Personal information
- Full name: Thomas Miller
- Date of birth: 29 April 1882
- Place of birth: Edinburgh, Scotland
- Date of death: 1932
- Position: Left back

Senior career*
- Years: Team / Apps / (Gls)
- –: Edinburgh Myrtle
- 1902–1905: Falkirk / 65 / (11)
- 1905–1909: Chelsea / 112 / (0)
- 1909–1912: Falkirk / 22 / (0)
- 1910–1911: → Dundee Hibernian (loan) / 15 / (1)
- 1919–1920: St Bernard's
- 1920–1921: Bathgate
- Total:  / 214 / (12)

International career
- 1910: Scottish League XI / 1 / (0)

= Tommy Miller (footballer, born 1882) =

Scottish footballer (1882–1932)

Thomas Currie Miller (29 April 1882 – 1932) was a Scottish footballer who played for Falkirk, Chelsea and Dundee Hibernian, mainly as a left back.
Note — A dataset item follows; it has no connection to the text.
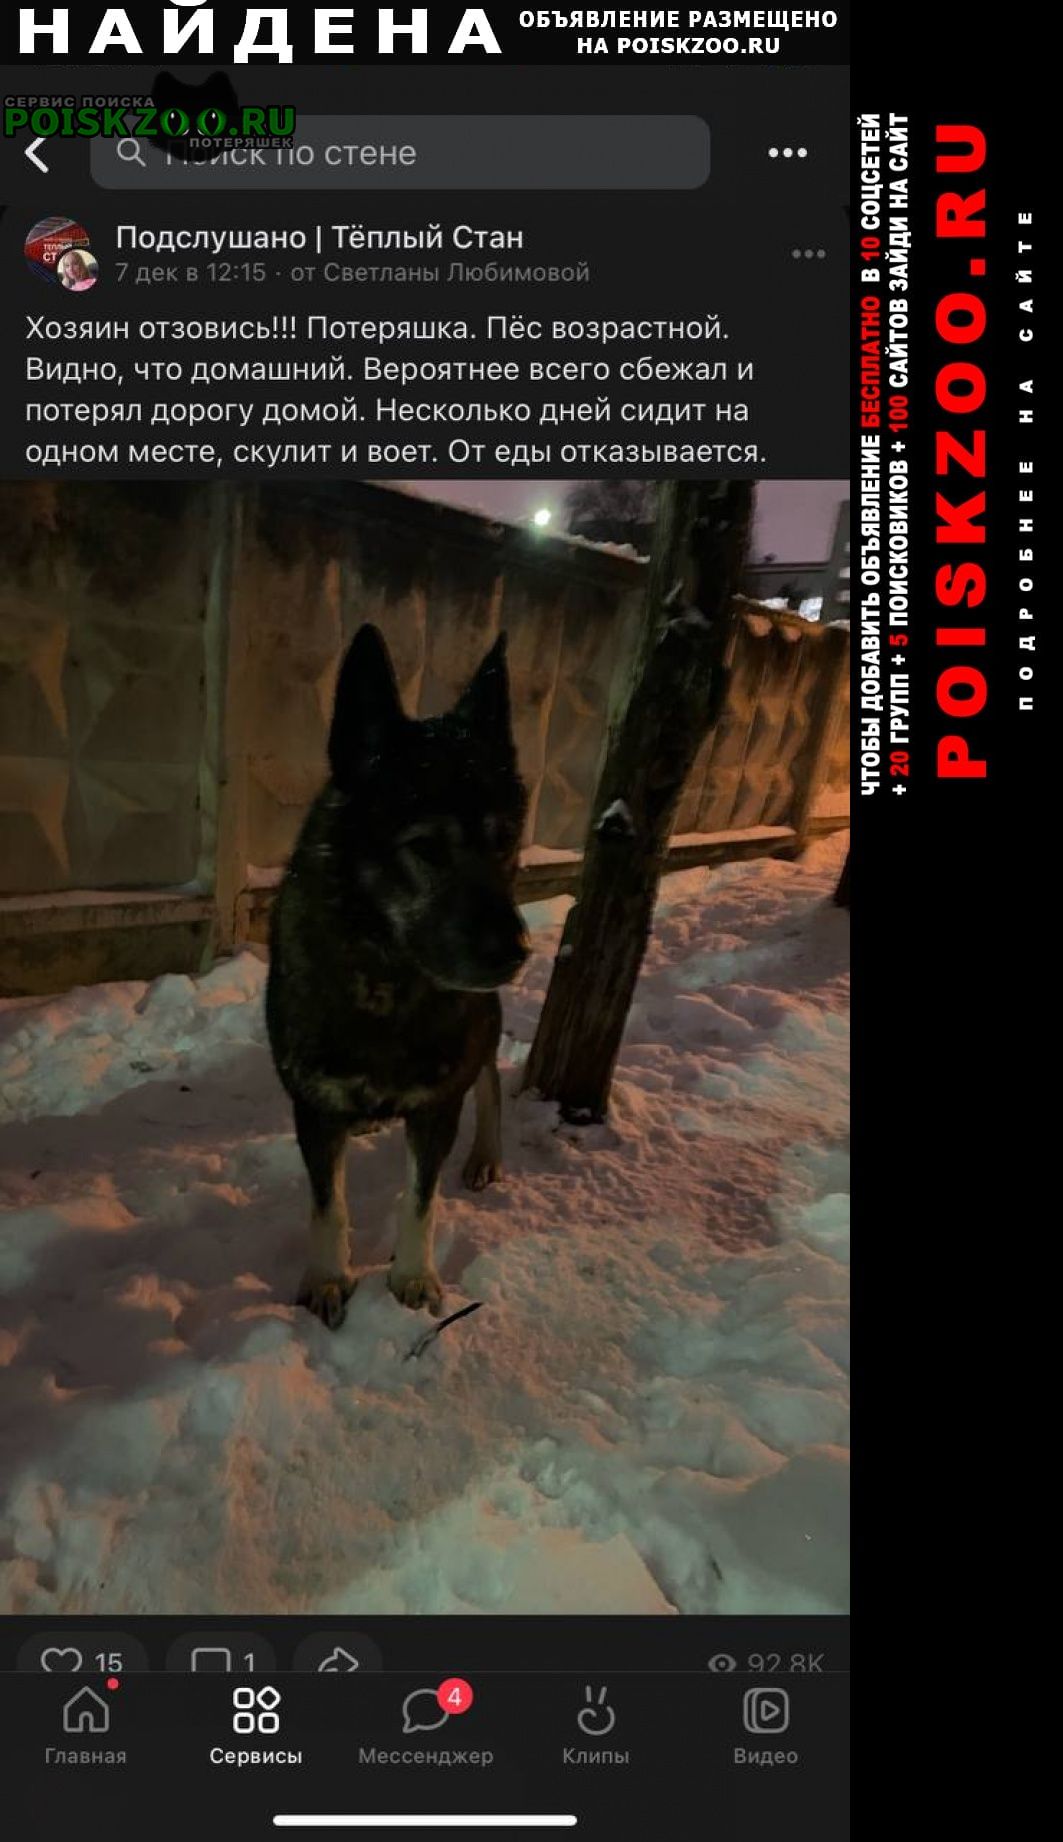 Найдена собака не дается в руки. зимует на улице Москва

He was part of the Falkirk team which finished runners-up in the 1909–10 Scottish Division One, having returned to Scotland after being released by Chelsea, where he was recruited as one of the initial batch of players after the club was formed, and remained in West London for four seasons. He took part in the first Scottish Football League fixtures played by both Falkirk in 1902 and Dundee Hibernian (later Dundee United) in 1910, and the first English Football League match played by Chelsea in 1905. After World War I, aged in his late 30s, he made a comeback of sorts with St Bernard's and Bathgate.

Miller was selected once for the Scottish Football League XI in 1910.